A low loss power inductor and method for making same. A magnetic core is constructed of one or more E-shaped and l-shaped portions. Each E-shaped portion includes top, middle and bottom bars, and an open edge adjacent an l-shaped portion with a gap between the middle bar and the l-shaped portion. Conductive and insulated layers having mutually adjacent surfaces are coiled about the one or more middle bars. The width of the conductive layer is no greater than the length of the middle bars and is less than or equal to the width of the insulated layer.

Description

RELATED APPLICATIONS

[0001] This application claims priority to and the benefit of U.S. Patent Application 61/782,457, entitled "Low Loss Inductor Windings Using Offset Gap, Offset Windings," which was filed on Mar. 14, 2013, the disclosure of which is incorporated herein by reference.

BACKGROUND

[0002] The present invention relates to inductors, and in particular, to inductors for storing energy in high power applications.

[0003] Inductors are a key component used in power electronics for storing energy. High efficiency power conversion requires inductors with low loss.

[0004] The conventional way of designing power inductors is to use a ferrite core as shown in FIG. 1(a). The classic E shape (101) has the center pillar of ferrite slightly shorter than top and bottom pillars (102), ensuring that when two E cores (103, 104) are placed together back to back FIG. 1(b) a center air gap is produced (105). This air gap is where most energy is stored within the device.

[0005] The next step in constructing the inductor is to wind a length of insulated copper around the core. In power electronics this is often copper foil, as shown in FIG. 2(a). Here a sheet of copper (204) is wrapped (202) along with an insulating sheet (203) around the core (201) of the inductor including the air gap.

SUMMARY

[0006] In accordance with the presently claimed invention, a low loss power inductor and method for making same are provided. A magnetic core is constructed of one or more E-shaped and l-shaped portions. Each E-shaped portion includes top, middle and bottom bars, and an open edge adjacent an l-shaped portion with a gap between the middle bar and the l-shaped portion. Conductive and insulated layers having mutually adjacent surfaces are coiled about the one or more middle bars. The width of the conductive layer is no greater than the length of the middle bars and is less than or equal to the width of the insulated layer.
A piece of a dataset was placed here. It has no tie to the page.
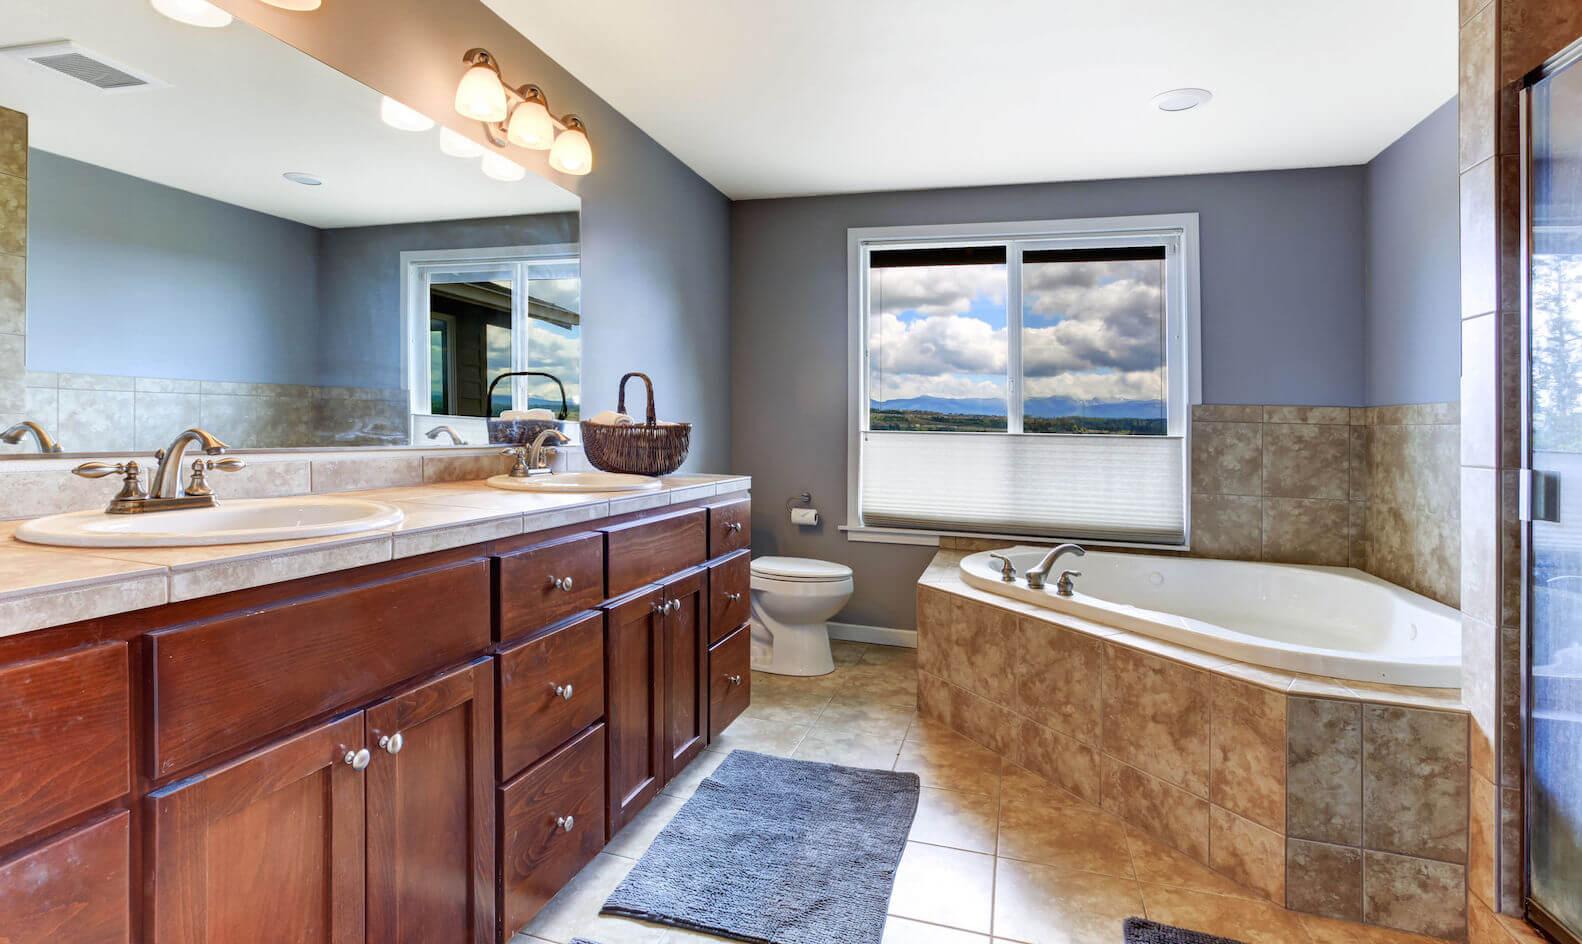 Bathroom Remodel Questionnaire calgary renovation contractors 403-991-5152
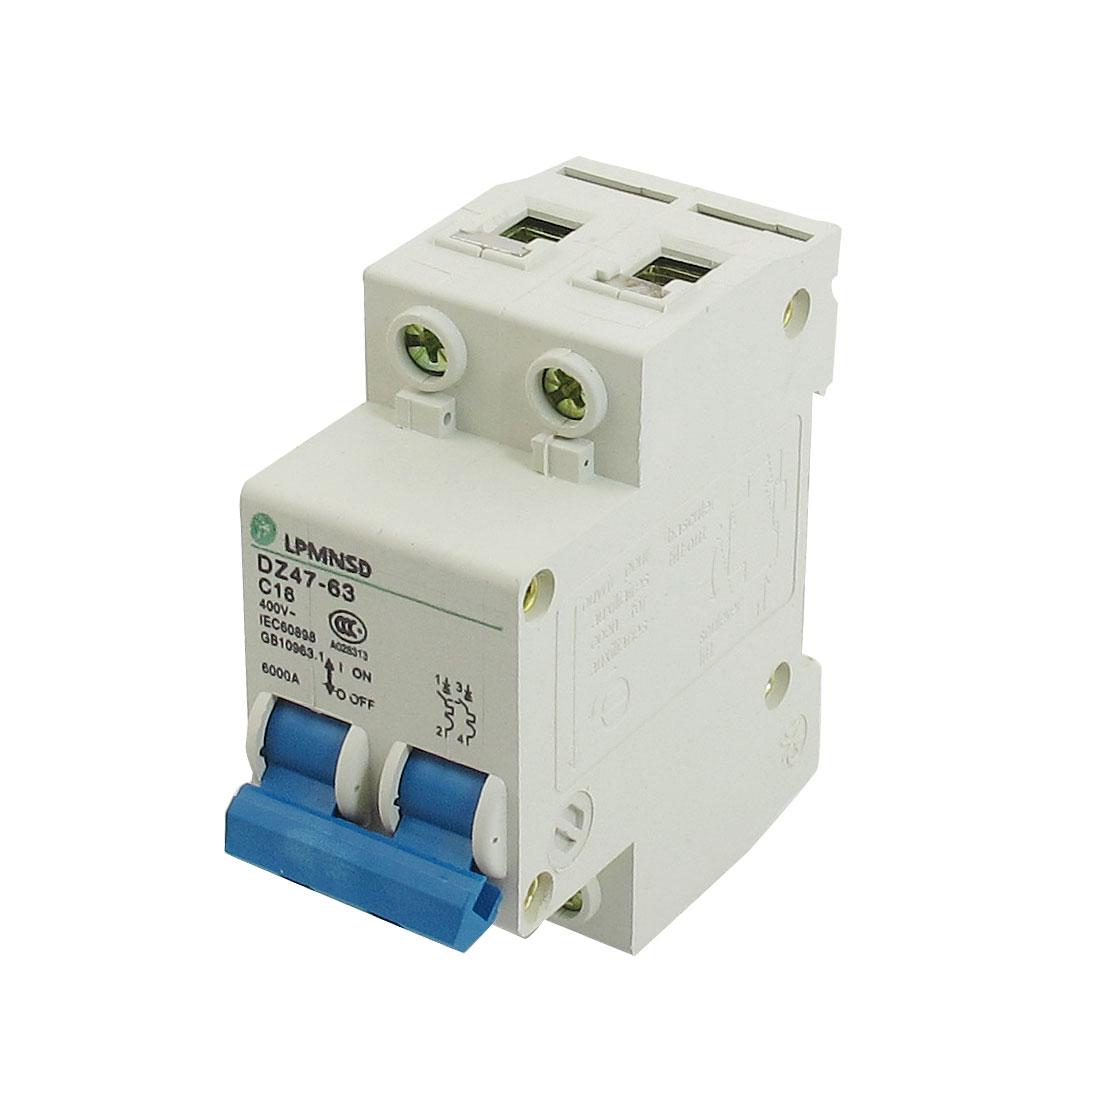 DZ47-63 C16 16A 400VAC 6000A Breaking Capacity 2 Poles Circuit Breaker

[0007] In accordance with one embodiment of the presently claimed invention, a low loss power inductor includes:

[0008] a magnetic core including an E-shaped portion with top, middle and bottom bars, and an l-shaped portion adjacent an open edge of the E-shaped portion with a gap between the middle bar and the l-shaped portion; and

[0009] conductive and insulated layers coiled about the middle bar, wherein the conductive and insulated layers include

[0010] a conductive layer having first width and length dimensions substantially parallel and orthogonal, respectively, to a length of the middle bar, wherein the first width is no greater than the length of the middle bar, and

[0011] an insulated layer adjacent a surface of the conductive layer and having second width and length dimensions substantially parallel to the first width and length dimensions, respectively, wherein the second width is equal to or greater than the first width.

[0012] In accordance with another embodiment of the presently claimed invention, a low loss power inductor includes:

[0013] a magnetic core including a plurality of E-shaped portions, with corresponding pluralities of top, middle and bottom bars, disposed in a successively parallel arrangement, and a plurality of l-shaped portions disposed in a successively parallel arrangement adjacent corresponding open edges of the plurality of E-shaped portions with a gap between the plurality of middle bars and the plurality of l-shaped portions; and

[0014] conductive and insulated layers coiled about the plurality of middle bars, wherein the conductive and insulated layers include

[0015] a conductive layer having first width and length dimensions substantially parallel and orthogonal, respectively, to a length of the plurality of middle bars, wherein the first width is no greater than the length of the plurality of middle bars, and

[0016] an insulated layer adjacent a surface of the conductive layer and having second width and length dimensions substantially parallel to the first width and length dimensions, respectively, wherein the second width is equal to or greater than the first width.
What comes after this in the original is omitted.